The end goal of almost every data science problem is usually classification or regression. Deciding the supervised technique for the problem will help you get more clarity on the business statement.

Eg. Let’s look at our problem of reducing crime rate. While the problem of reducing crime rate is more of a policy decision, depending on the choice above, we would have to decide if we need to do classification or regression.

If we need to decrease crime rate of areas with high crime rate, we would need to determine the crime rate rate of an area. This is a regression problem. If we need to decrease crime rate of most common type of crime, we would need to determine the most common type of crime in an area. This is a classification problem. Again it is a good practice to circle back with the client or the business team who define the problem requirements to clarify on the exact requirement.

Step 3: Literature survey

Literature Survey is one of the most important step (and often most ignored step) to approach any problem. If you read any article about components of Data Science, you will find computer science, statistics / math and domain knowledge. As it is quite inhuman for someone to have subject expertise in all possible fields, literature survey can often help in bridging the gaps of inadequate subject expertise.

After going through existing literature related to a problem, I usually try to come up with a set of hypotheses that could form my potential set of features. Going through existing literature helps you understand existing proofs in the domain serving as a guide to take the right direction in your problem. It also helps in interpretation of the results obtained from the prediction models.

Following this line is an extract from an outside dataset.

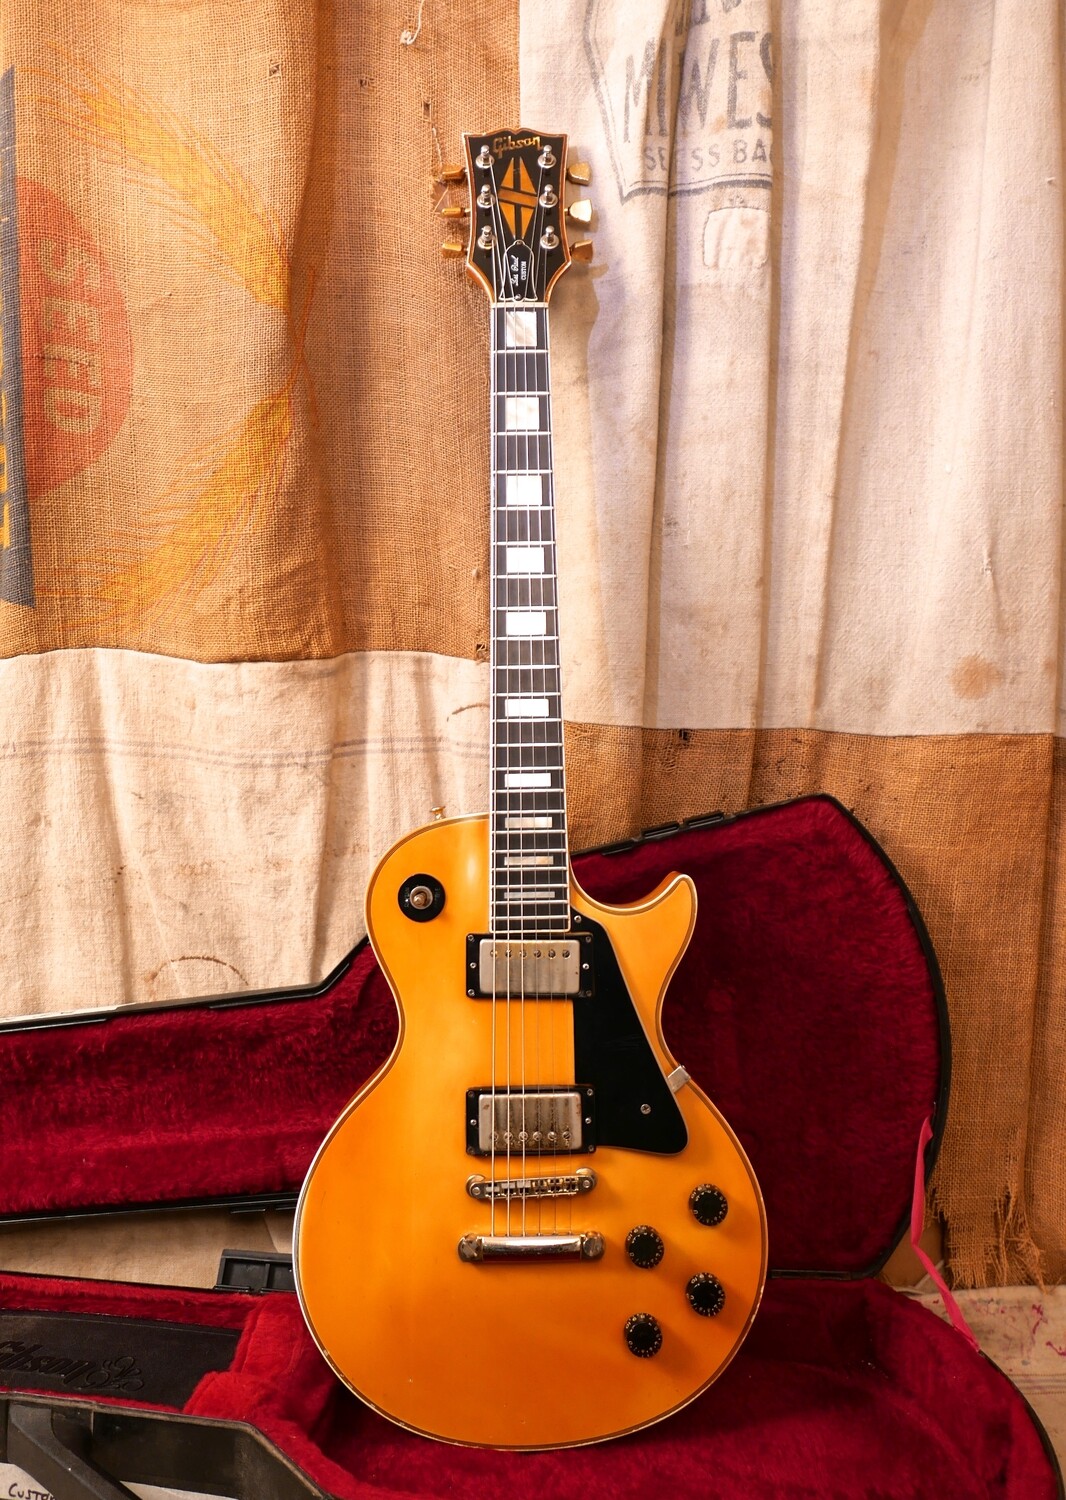 1979 Gibson Les Paul Custom White
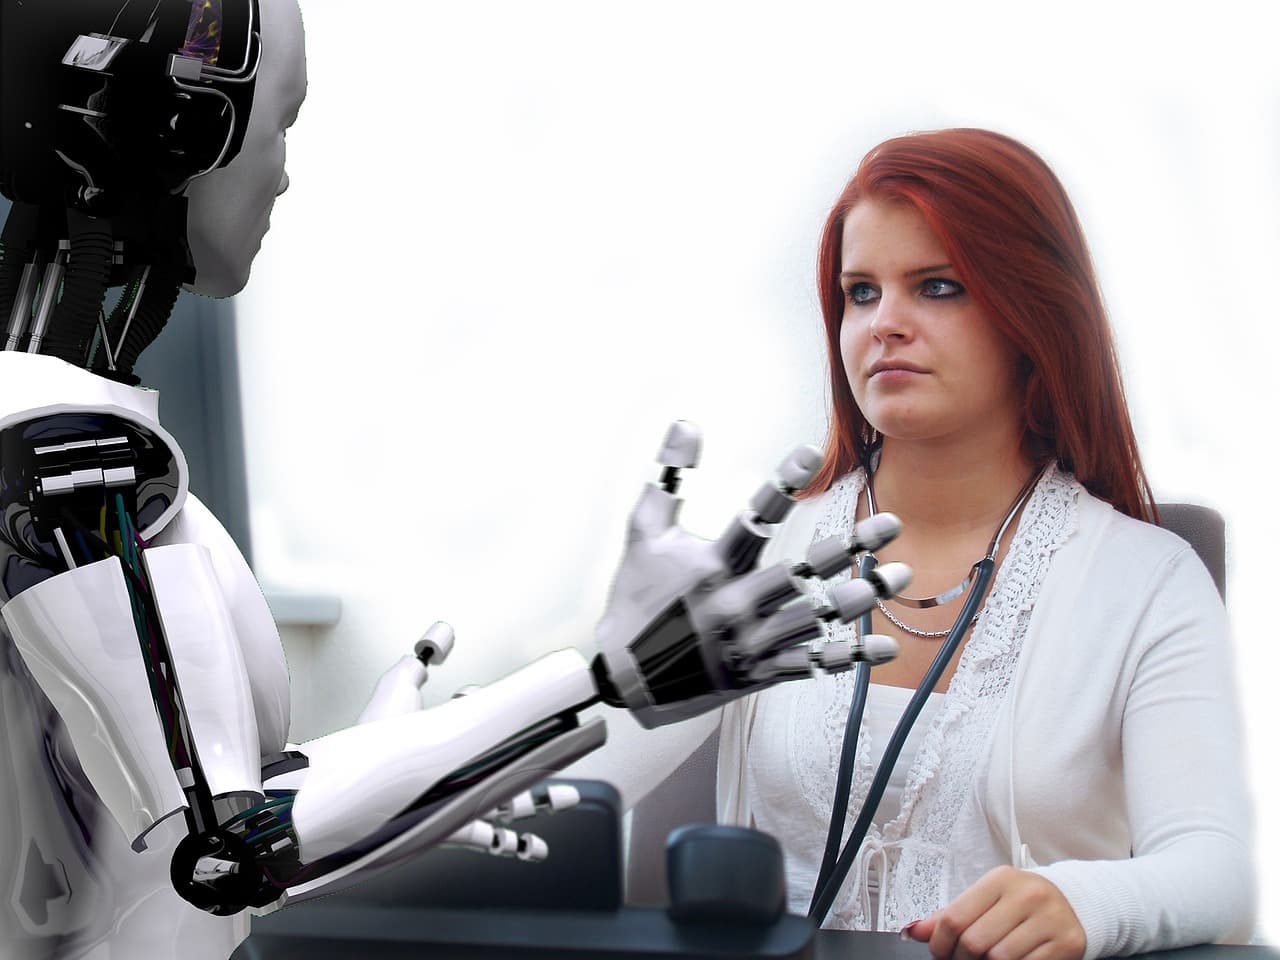 Az emberek többsége jobban bízik a robotokban, mint a főnökében

Eg. Going back to our problem of reducing crime rate, if you want to predict crime rate of an area, you would consider factors from general knowledge like demographics, neighboring areas, law enforcement rules etc. Literature survey will help you consider additional variables like climate, mode of transportation, divorce rate etc.

Step 4: Data cleaning

If you speak with anyone who has spent some time in data science, they will always say that most of their time is spent on cleaning the data. Real world data is always messy. Here are a few common discrepancies in most data-sets and some techniques of how to clean them:

Missing values Missing values are values that are blank in the data-set. This can be due to various reasons like value being unknown, unrecorded, confidential etc. Since the reason for a value being missing is not clear, it is hard to guess the value.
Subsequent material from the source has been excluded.